When there are several short pages or articles that are all ranking for the same keyword, it might be ideal to consolidate these articles into one longer, more comprehensive piece.
When consolidating articles, keep in mind:
- Take bits and parts of the different existing articles and merge them into one that makes sense.
- You should write the TARGET URL slug at the top of the document and include the new, optimized meta title and meta description.
- Add links to internal pages and external sites
Prioritize your fixes
Once you have created and labeled your spreadsheet and added target primary and secondary keywords, the final stage is to prioritize and assign your optimizations based on traffic or keyword importance.

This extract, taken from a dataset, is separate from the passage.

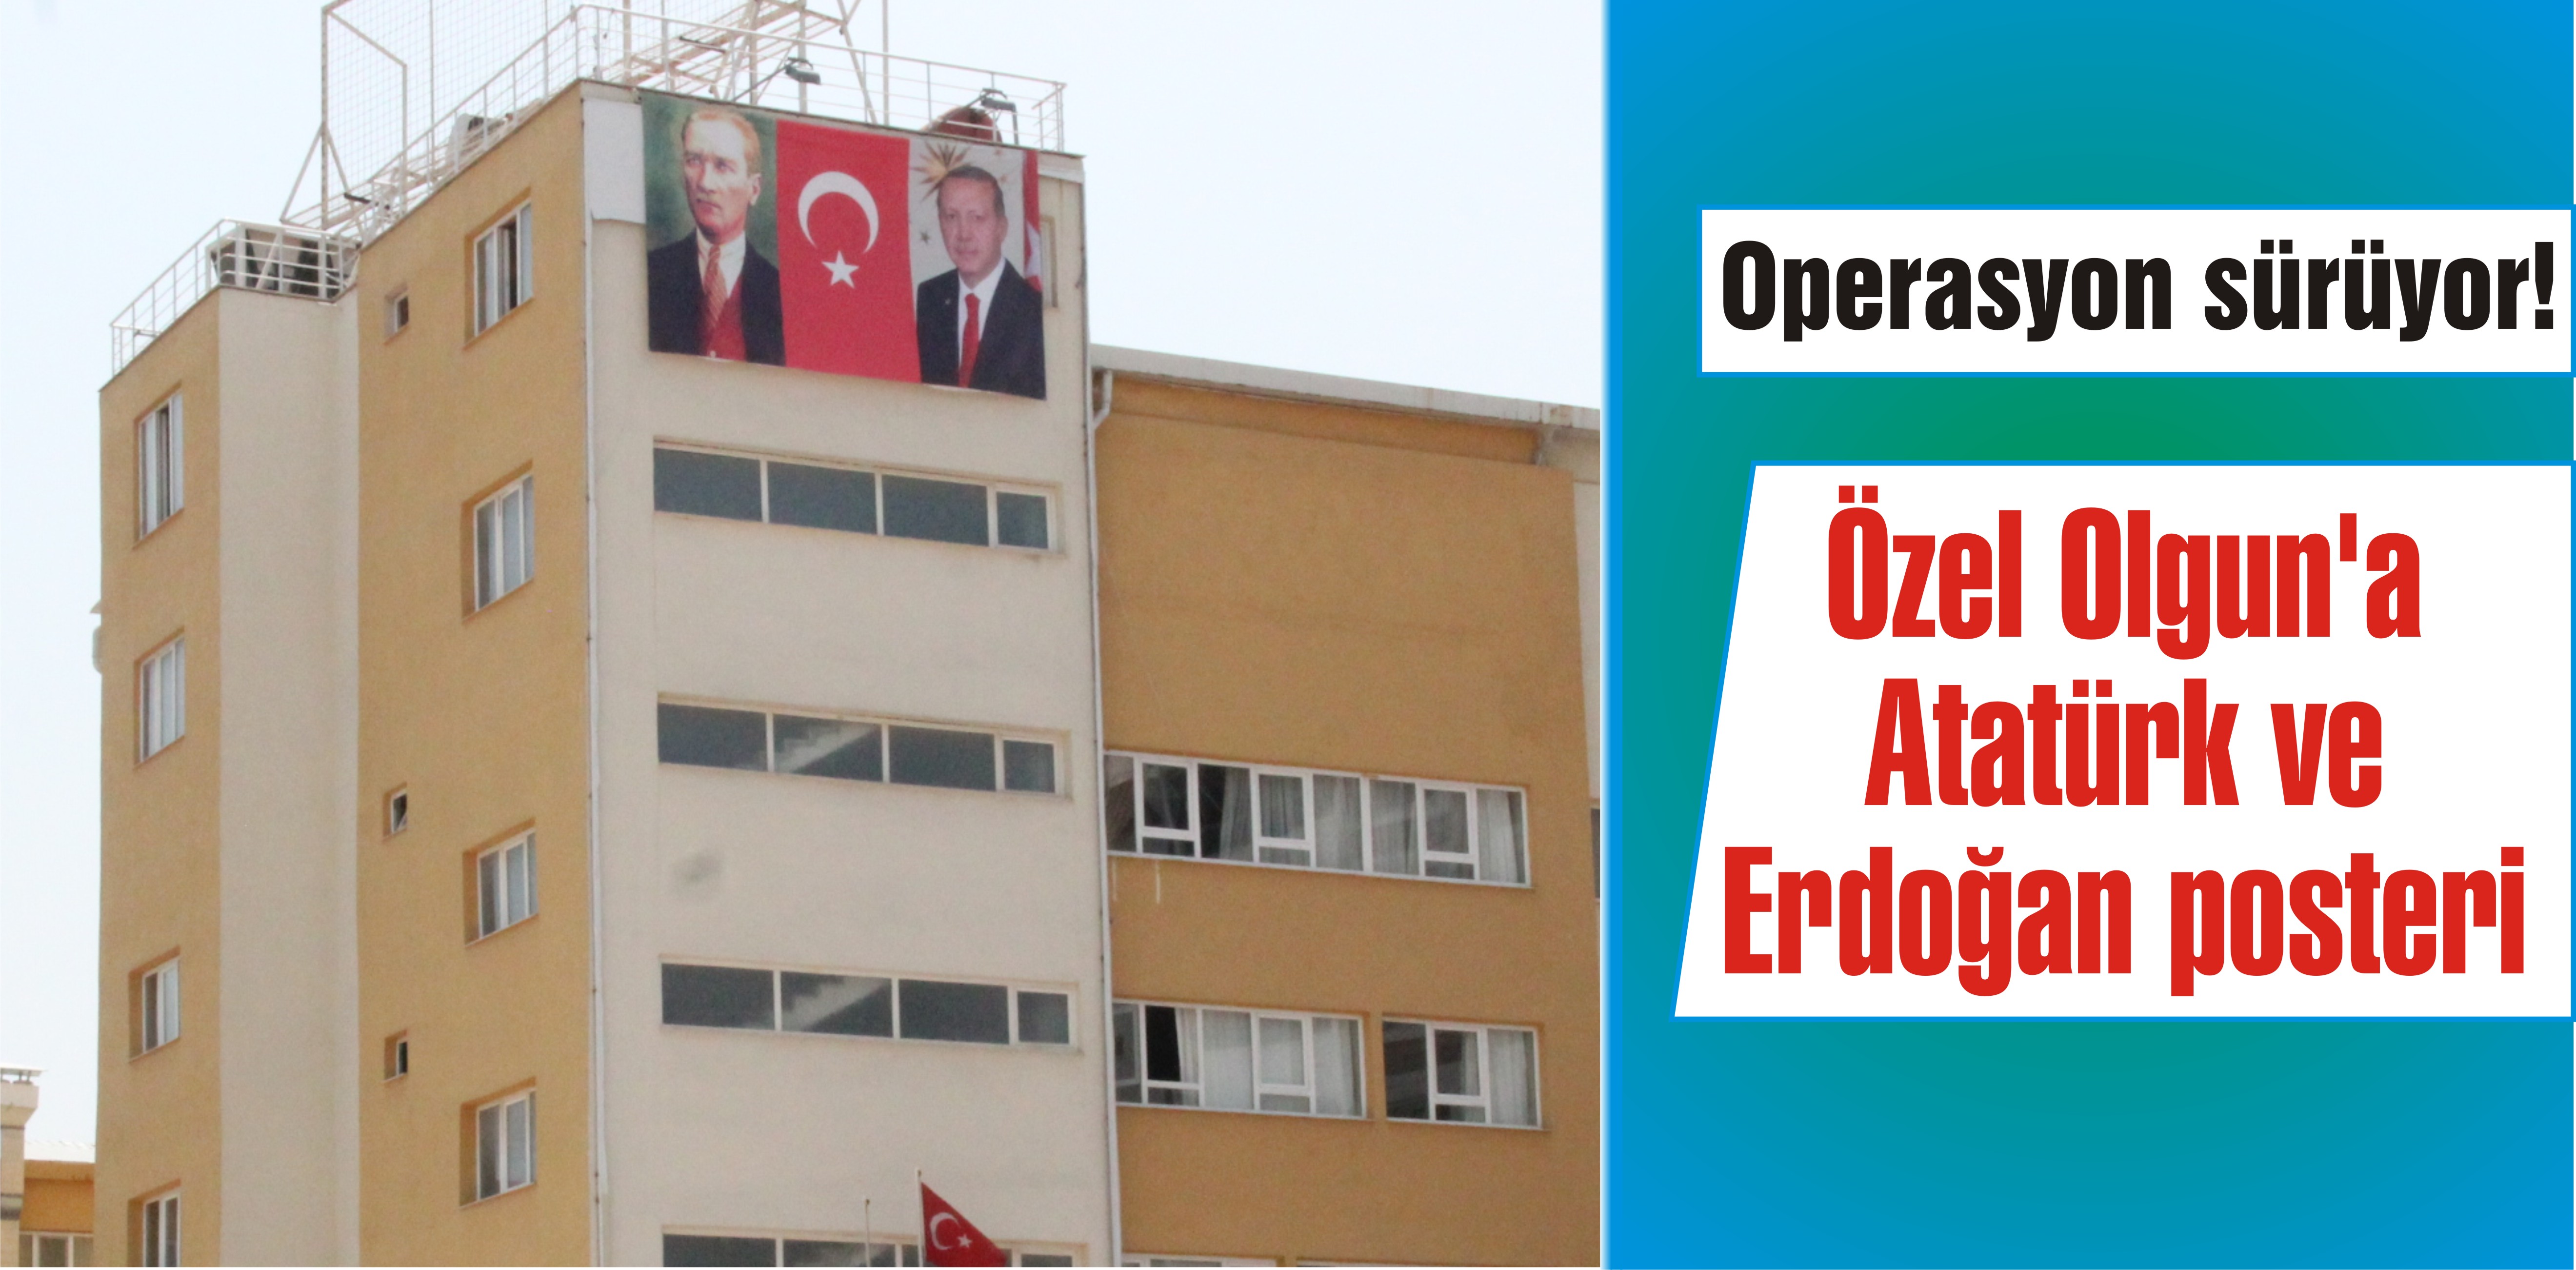 Özel Olgun’a Erdoğan posteri

If you have pages targeting important keywords that are not ranking well, move those to the top of the priority list.
If there are pages that have a lot of traffic and could be performing better, these should also be prioritized.
At the end of this stage, you should have a comprehensive keyword list that you will have mapped to existing pages or labeled to be created.
Mind the gap
During the early stage, you want to be mindful of identifying persona, content and keyword gaps. If you don’t have content targeting some of your keywords, you’ll be missing opportunities to reach your target audience.
Most sites will have a degree of cannibalization as the SEO and content plans go through different teams and stages.
Before spending significant resources on producing new content, first, identify and maximize the content you already have, and then “mind the gap” by creating a content plan that targets all keywords that haven’t been optimized.